Resonant scattering

The scattering rate due to Coulomb interactions between a fast particle (speed v) and thermal particles decreases with increasing v as v−3. Thus one might expect that fast particles are scattered very ineffectively. The reverse is the case in the low density (low β) plasmas in the magnetosphere, and in space and astrophysical plasmas generally. Fast particles are scattered very efficiently due to resonant interaction with low frequency waves, called resonant scattering.

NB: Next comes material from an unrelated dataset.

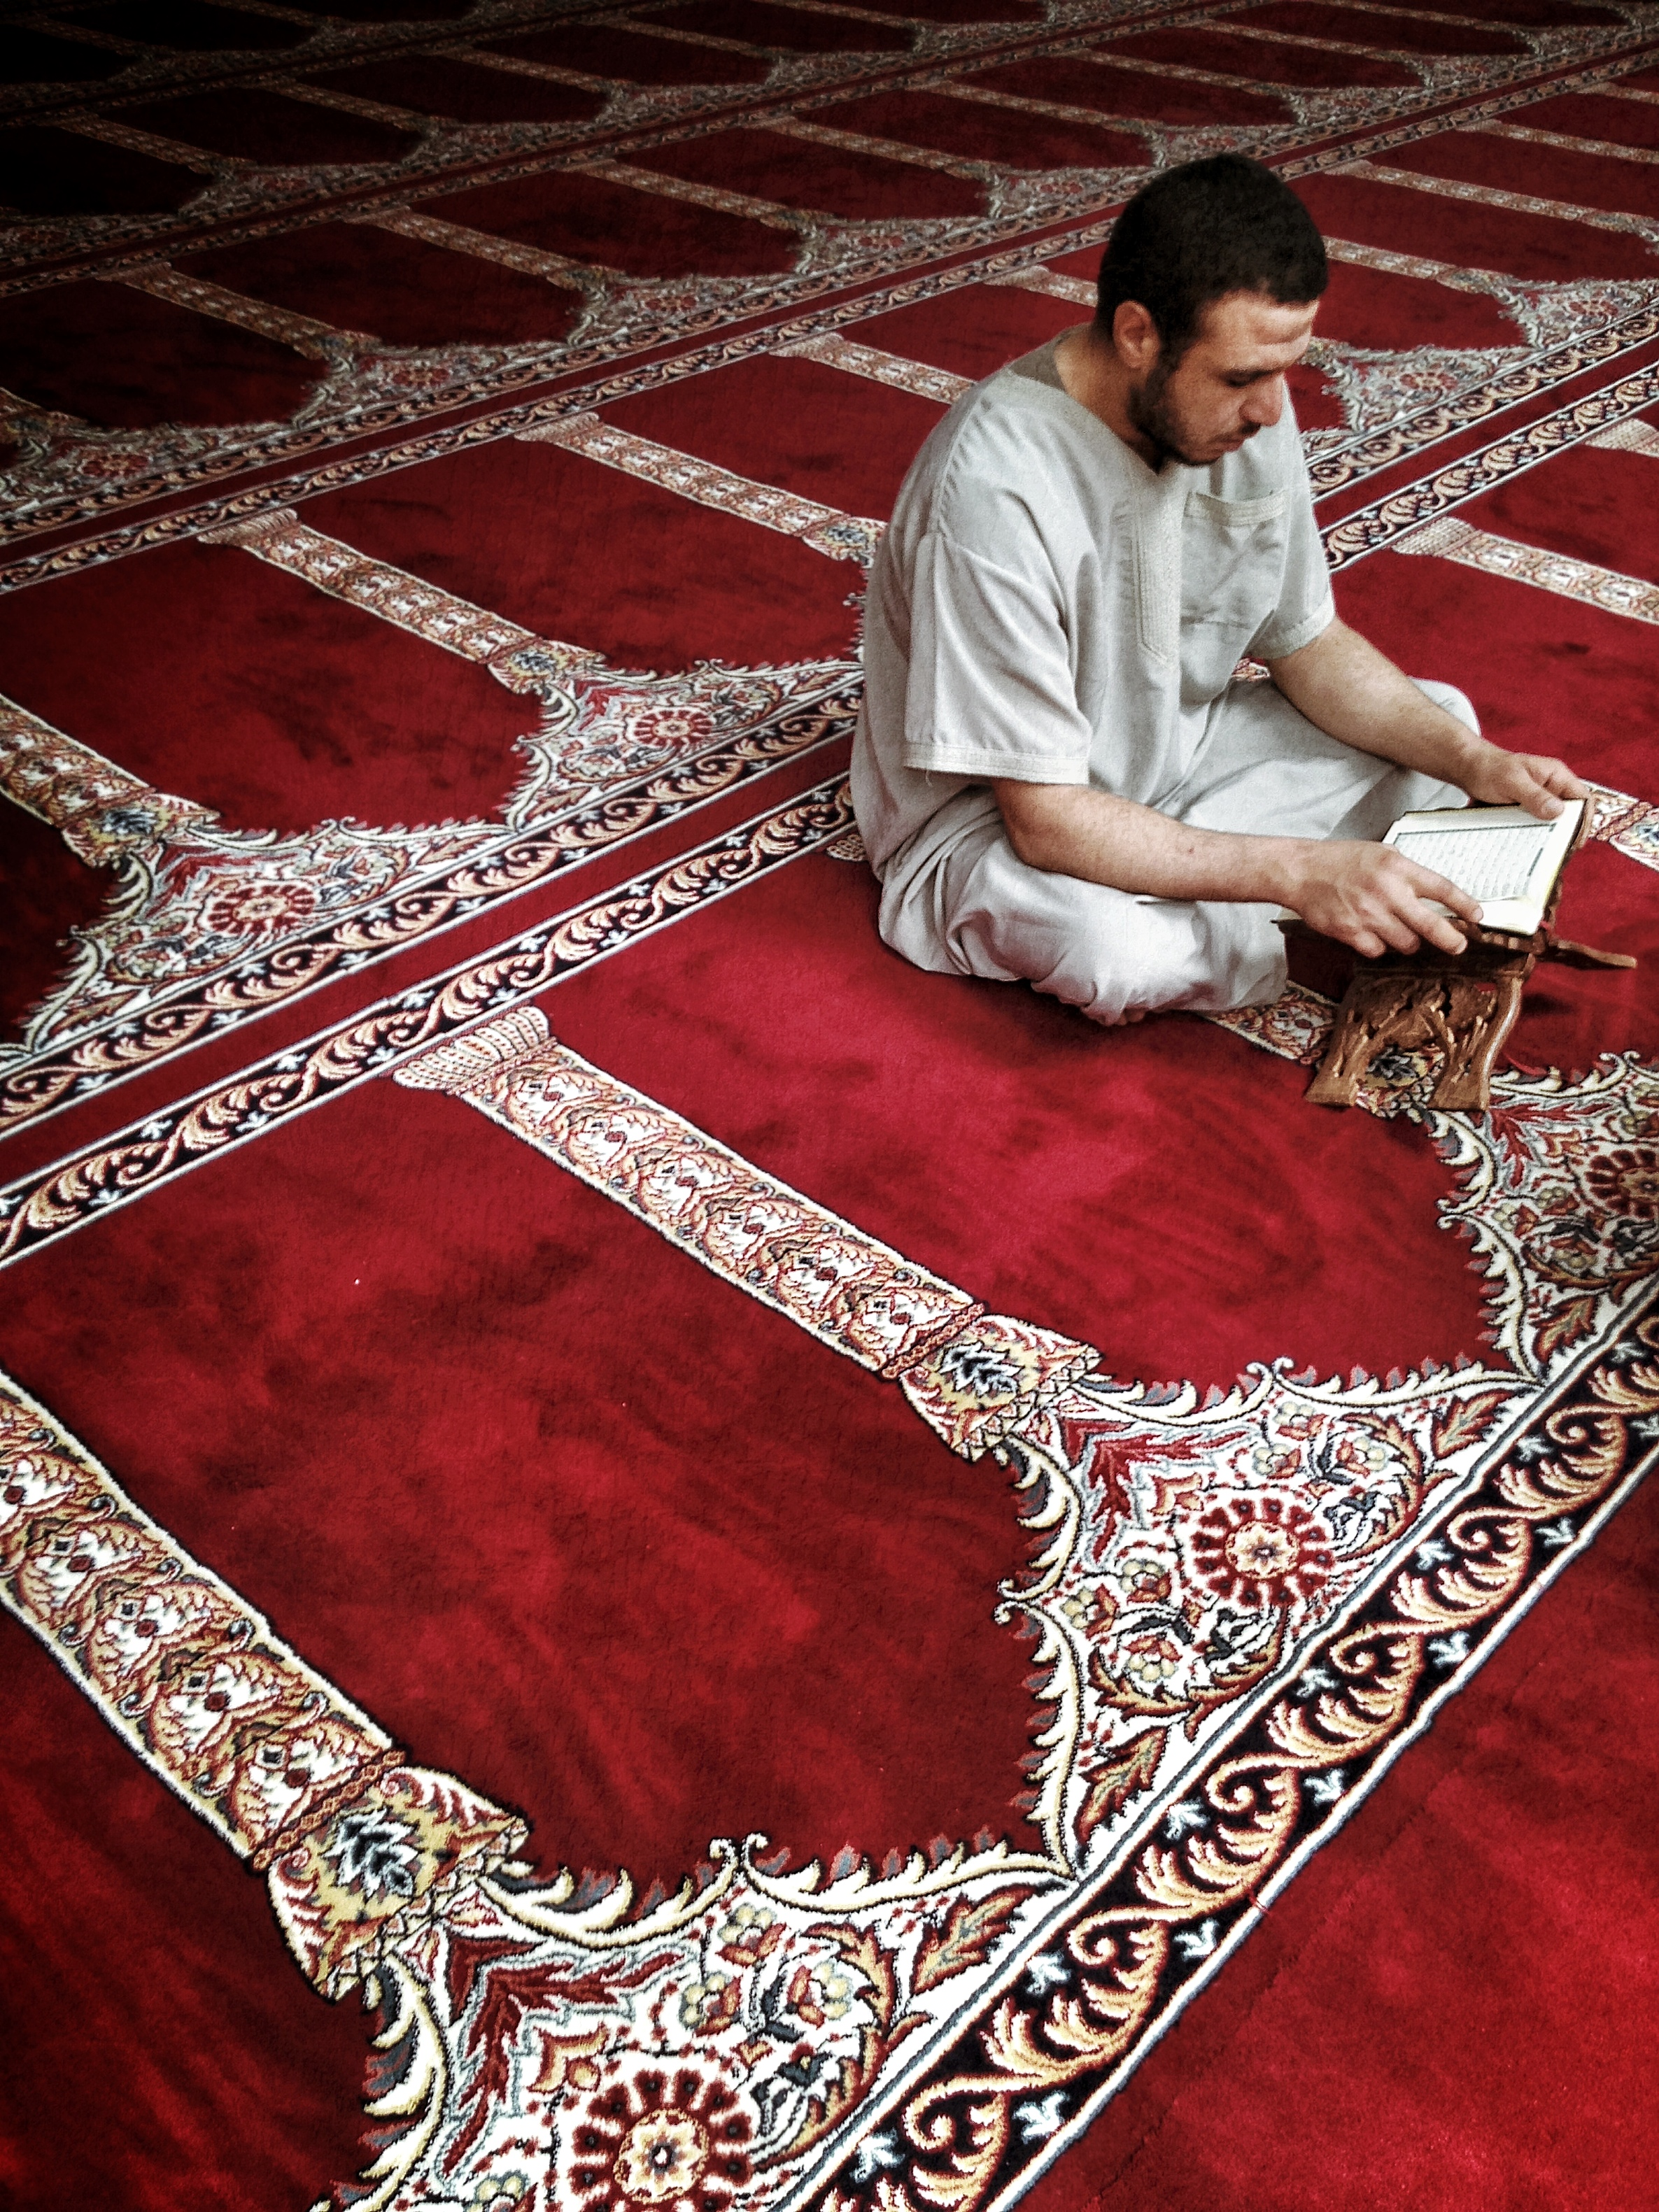 սովորել Quraan  belajar AlQuran  foghlaim Quraan   дізнатися Quraan   õppida Koraani   ịmụta Quraan   lærir Quraan   aprender Qura'an   imparare Qur'an Photo-2

The evidence which led to the initial development of the theory of resonant scattering came from the properties of the trapped particles in the magnetosphere. By the early 1960's it was clear that for the stability of the distributions of trapped magnetospheric particles (in the terrestrial ‘radiation’ or ‘van Allen’ belts) to be consistent with the observations of precipitation of these particles, both the fast electrons and the fast ions must be scattered very efficiently. The development of the theory of resonant scattering led to a satisfactory qualitative and semi-quantitative explanation for these magnetospheric observations. Resonant scattering also offered ways of resolving serious difficulties connected with the scattering and acceleration of fast particles in astrophysical plasmas. The most obvious of these concerns the confinement of galactic cosmic rays (§13.4). Another serious difficulty was with the acceleration of fast particles: early theories for the acceleration required (either implicitly or explicitly) very efficient scattering.